23:23 Designs Supports a cluster of 40+ women skilled in Aipan at Uttrakhand.
Aipan is a traditional folk art specifically made by women of Uttarakhand. This art is done on floor over brick red background with white paste made out of rice flour. The typical art is done on all special occasions and household ceremonies and rituals. It is believed that these motifs evoke divine power which brings good fortune and wards off evil.
Aipan is drawn on a smooth surface that is prepared using wet ochre mud, known as geru, which is red in colour. A white paste is made by grounding cooked rice in water. This paste is known as bisvar and is used to draw patterns on the surface. The women use their fore, ring and middle finger to draw the patterns. Uttarakhand Aipan painting has its unique identity which is always done on the empty walls and on the ground which is a symbol of fortune and fertility. The art form is used to decorate floors and walls at the Puja room (place of worship) and entrance of homes and practiced by many other communities of different region.
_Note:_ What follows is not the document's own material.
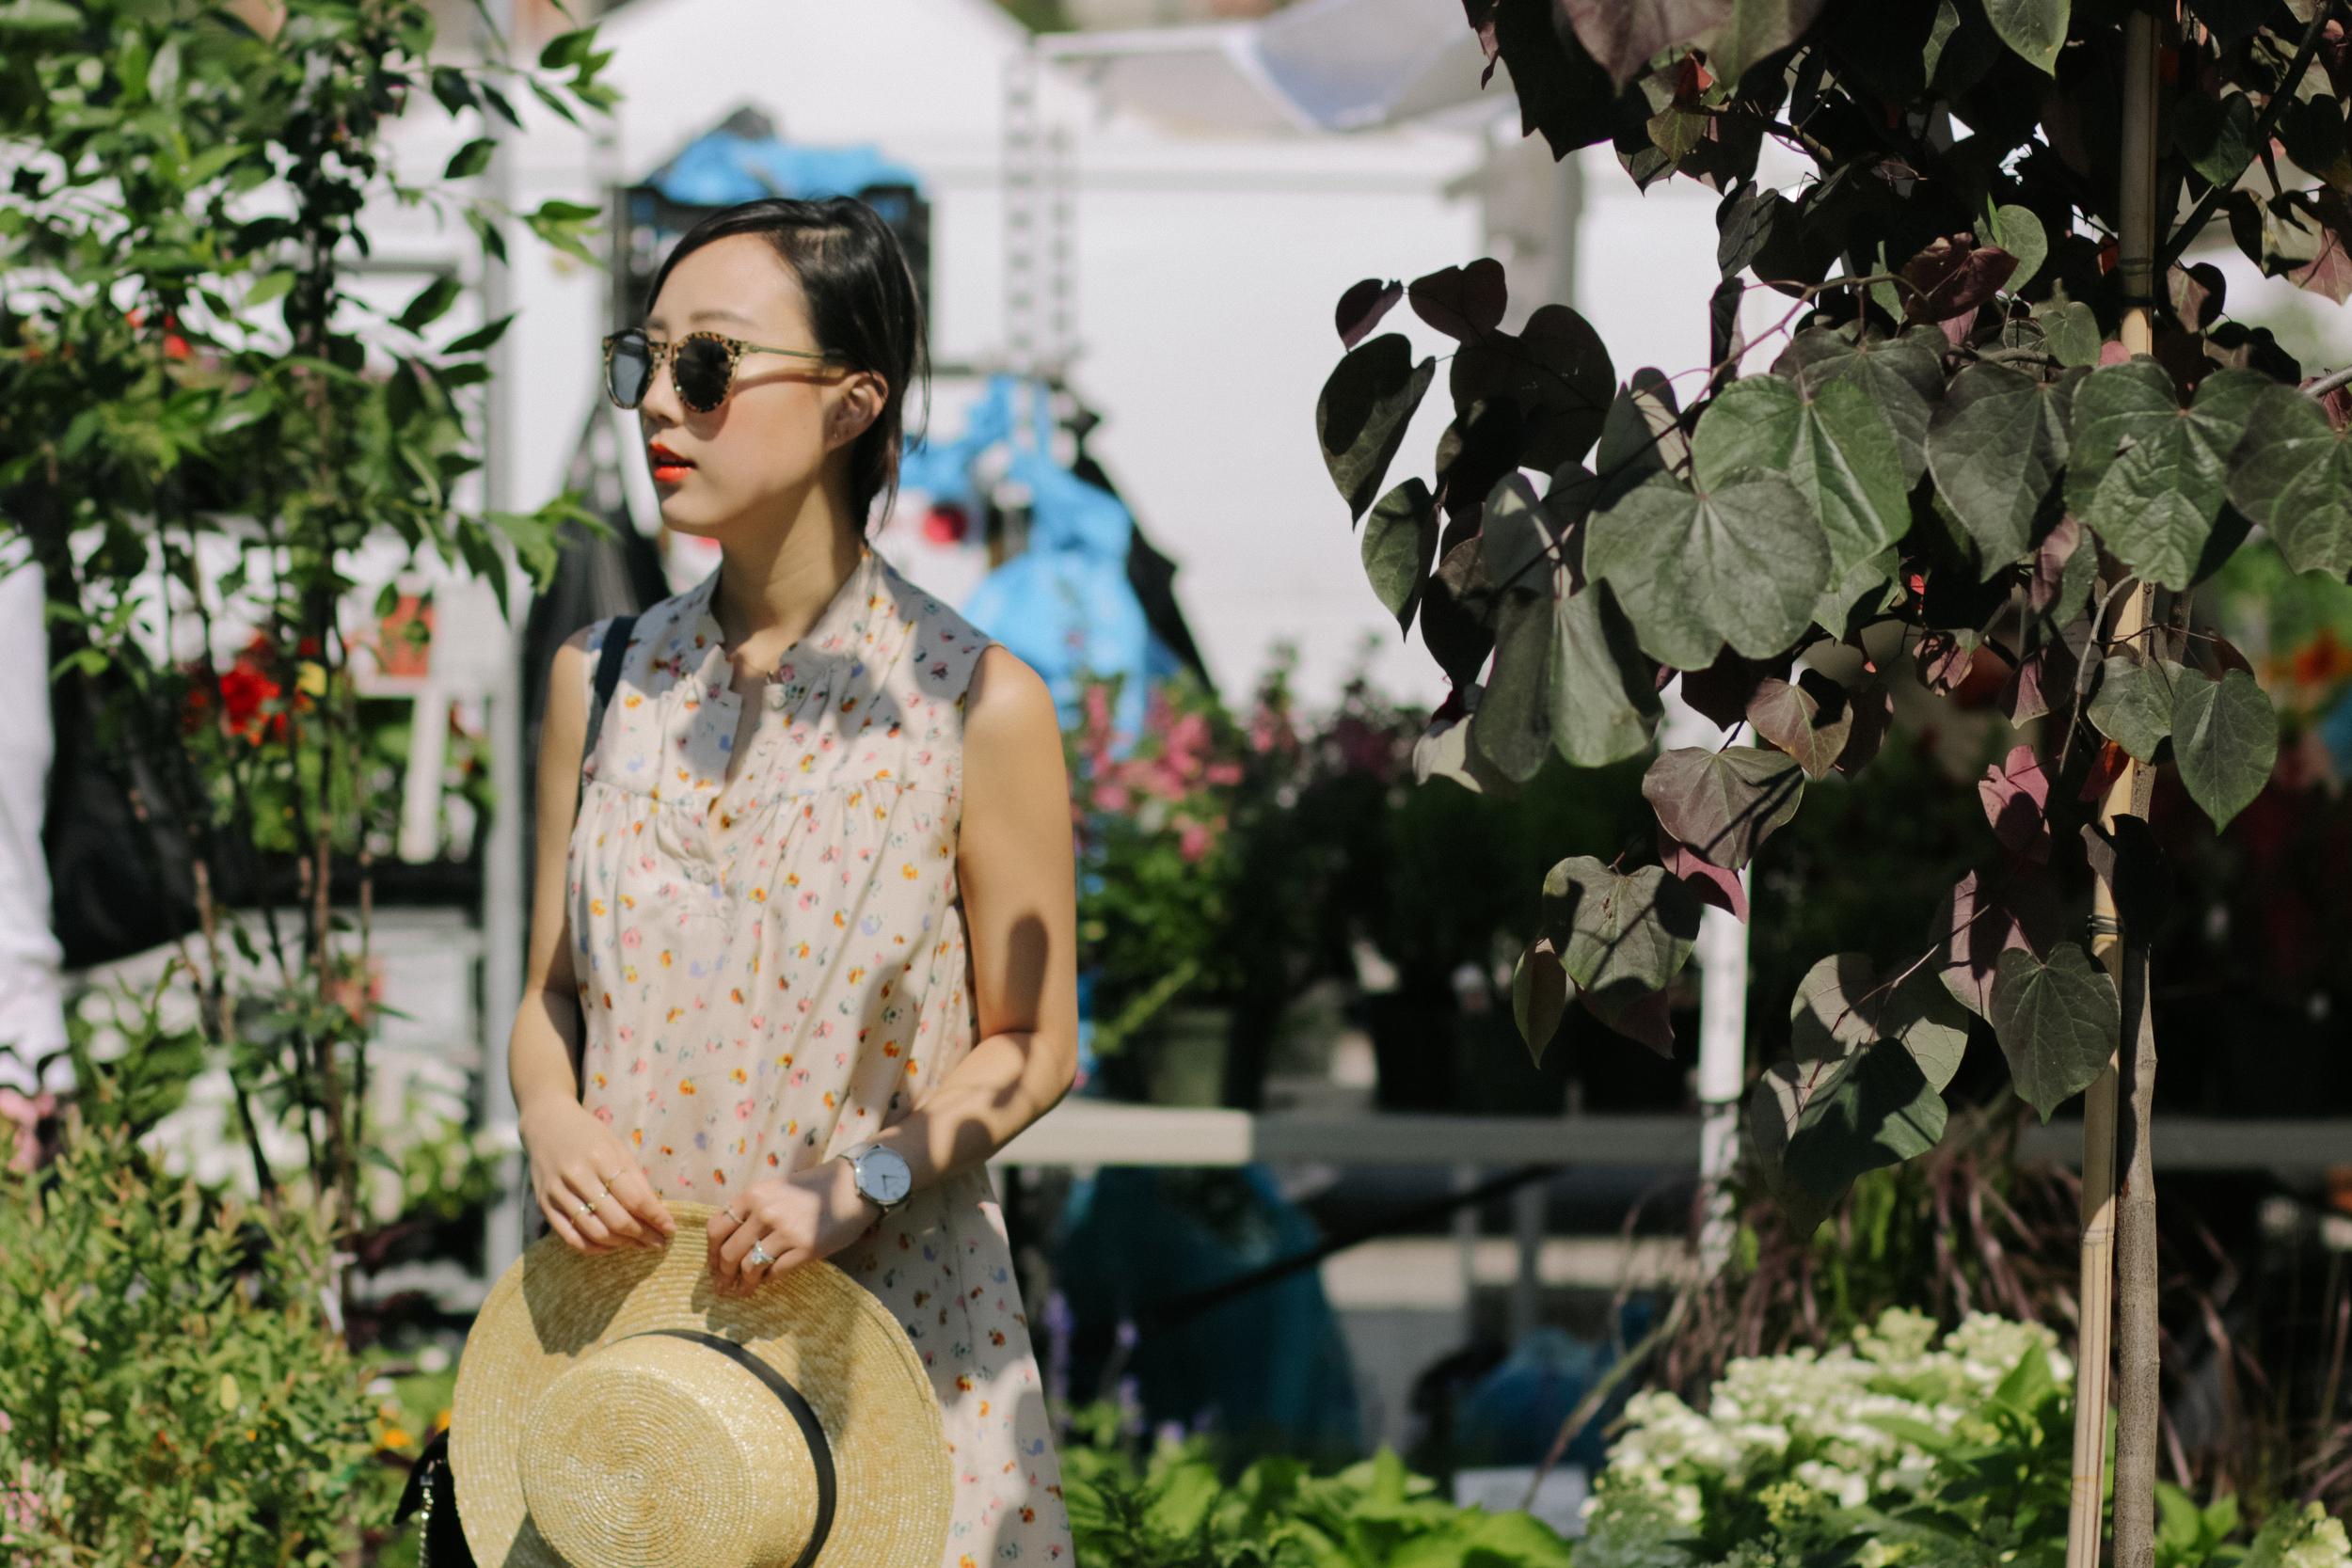 Xperio UV™ polarized sun lenses ,  Illesteva Frames , Girl. Band of Outsiders Dress,  Janessa Leone Hat ,  Larsson & Jennings Watch ,  Mirlo Jewelry ,  Chosungah 22   Lip Color

Raw Materials: The raw material used is simple ochre (Geru ) color and rice paste. It is mostly women who paint the designs on the floors and walls of their homes using the last three fingers of the right hand. Once the Geru base is ready the artist draws the pattern free hand. Chowkies are made with mango wood and painted with special designs for each occasion. Now a days Aipan is being used in different ways like patterns for cards, wall hanging, cushion covers, table cloths, even T-Shirts. The decorative patterns used to adorn doorways have been adapted for gift tags, bookmarks, clay items, wooden boxes, trays and coasters.